If you're new to the shard and want to be a crafter:

  1. Roll a starting Blacksmith. It's the strongest single-skill economy character, and the early skill-up is well-documented.
  2. Train Mining + Blacksmithy in parallel. They feed each other — mine, smelt, craft, sell back what you mined into.
  3. Train Magery to 50. Recall is the crafter's mobility tool. Without it you're glacial.
  4. Hit 60–70 in Blacksmithy first. That's where you start producing sellable items.
  5. Plug into the shard's #crafters / #trade Discord channel. That's where the active economy lives.
  6. Take your first BODs around 50 Blacksmithy. Don't stockpile — fill and turn in to start the BOD progression.

A full crafter template is in Immortal Realm Progression. The broader system map is in Immortal Realm Custom Systems. When you're ready, the download page is the on-ramp.

Frequently Asked Questions

Can a crafter survive without a fighter alt?
Mostly yes. NPC vendors sell basic materials, public mining nodes are safe in Trammel, and a crafter with 50+ Magery can Recall away from danger.

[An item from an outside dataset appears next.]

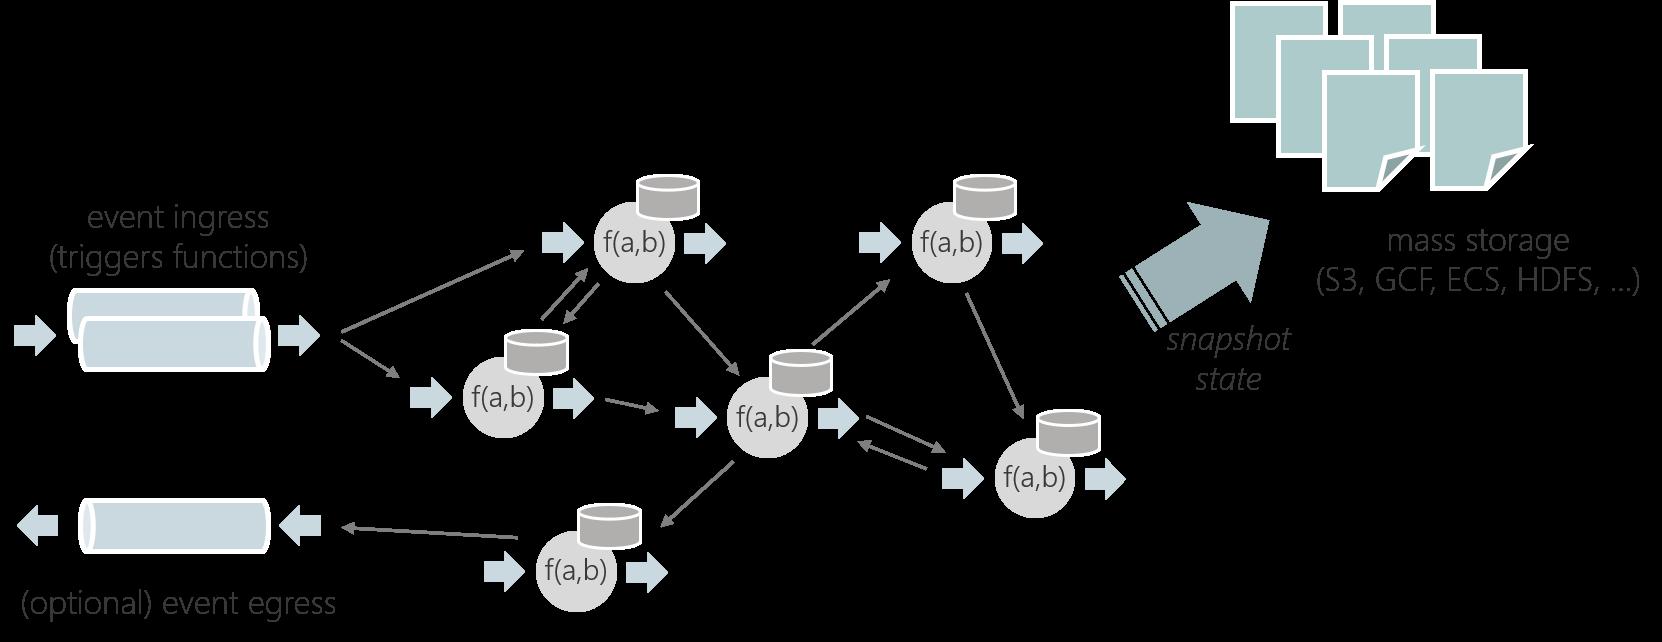 Stateful Functions开源:集成了Flink和FaaS的流处理优点
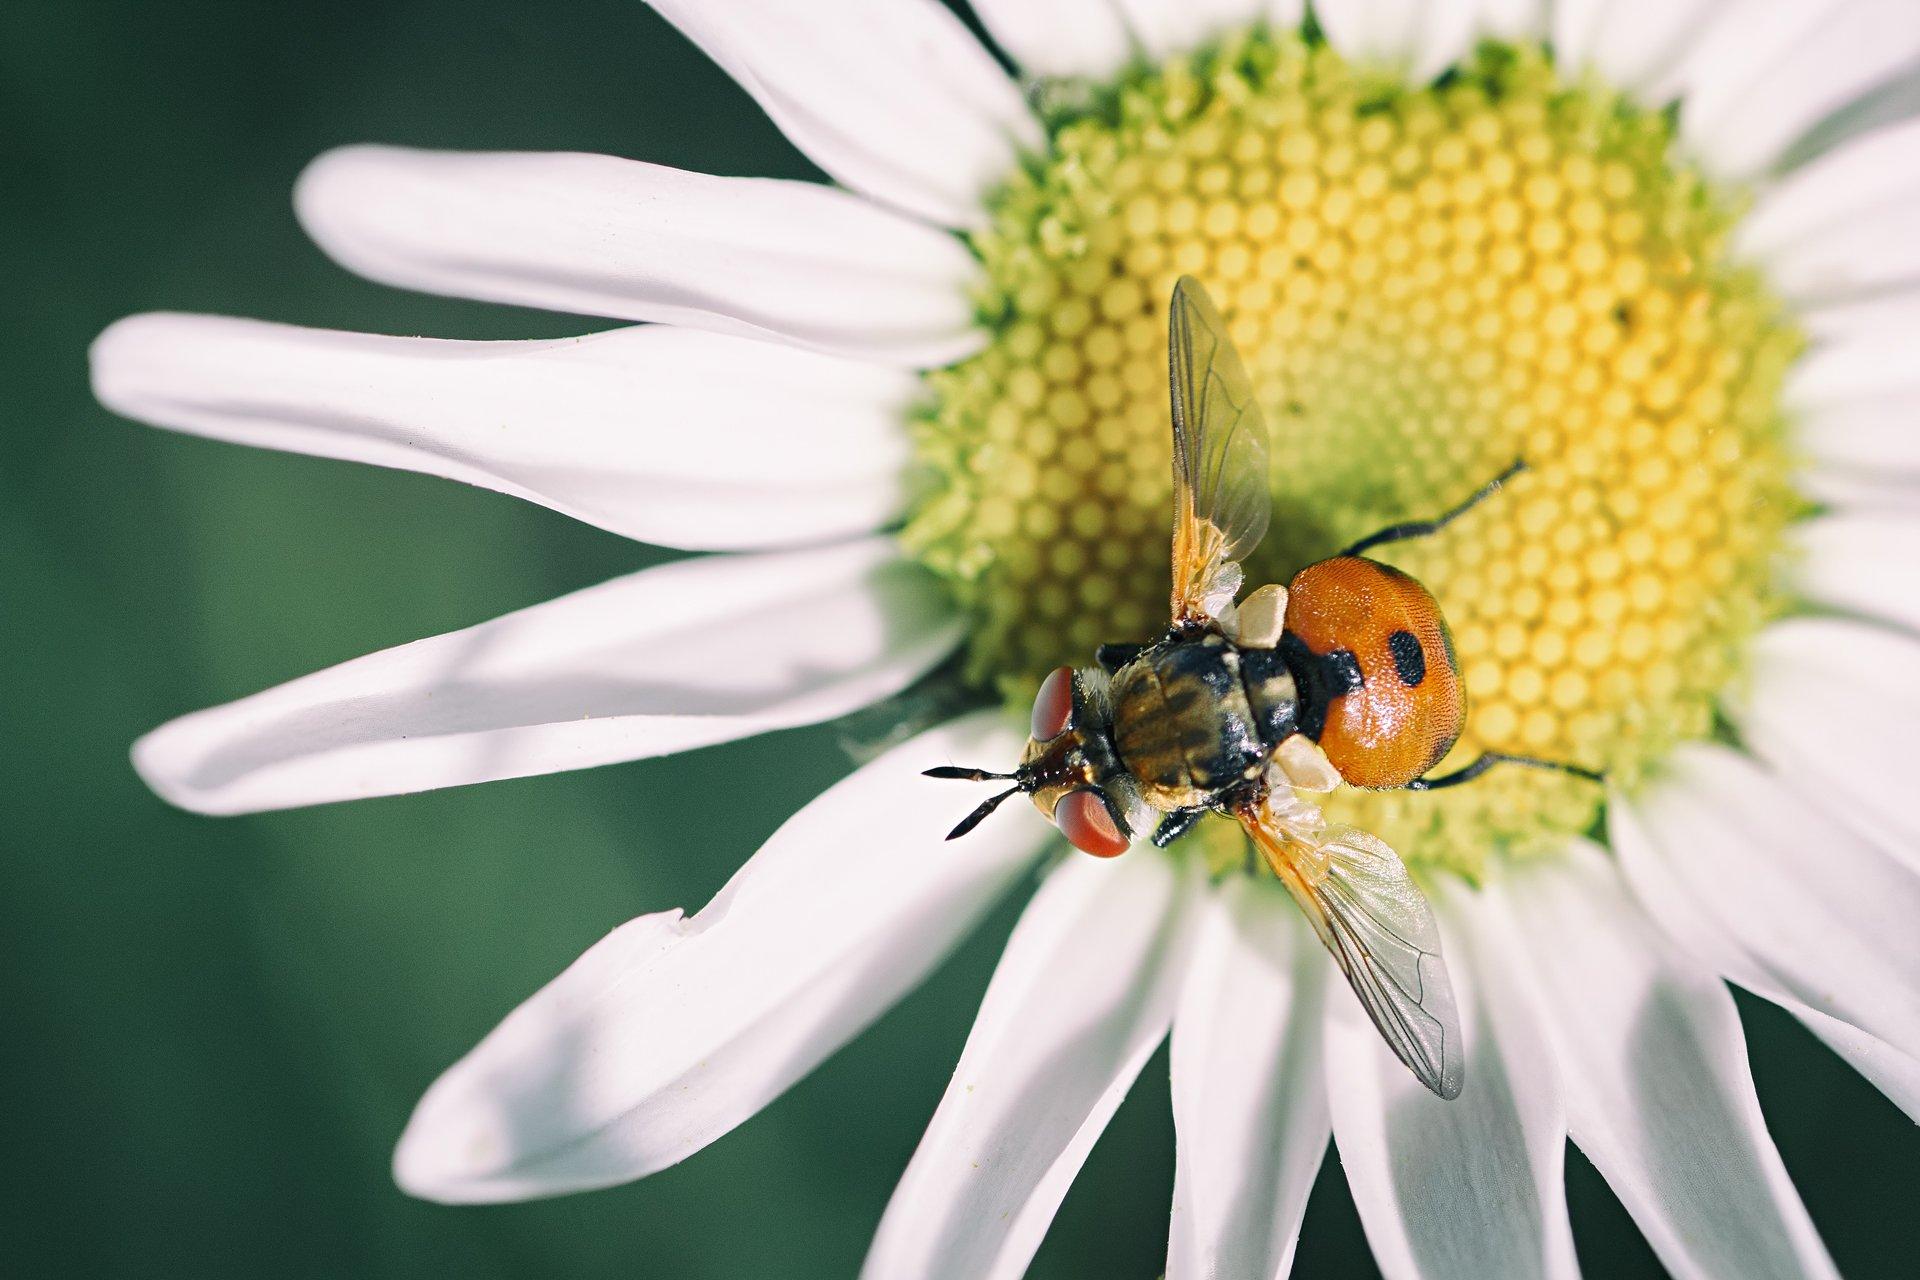 мох,цвет,фон,желтый,семя,цветок,муха, Котов Юрий

A fighter alt becomes valuable if you want Felucca-side materials (Fel Iron, Blood Crystals) — those require either personal Fel risk or buying from someone who takes it.
Are crafted items really better than loot drops?
At the high end, yes. Master-crafted runic items with the right materials match or exceed loot-dropped artifacts on most stat lines. Mid-tier crafted gear is comparable to mid-tier drops. Crafting is a real path, not a stepping stone.
How long until I can sell stuff for real gold?
First viable sales (basic gear, repair contracts, raw materials) happen around 60–70 in your primary craft skill — about a week of focused play. Premium crafted gear with runic tools is a months-out goal.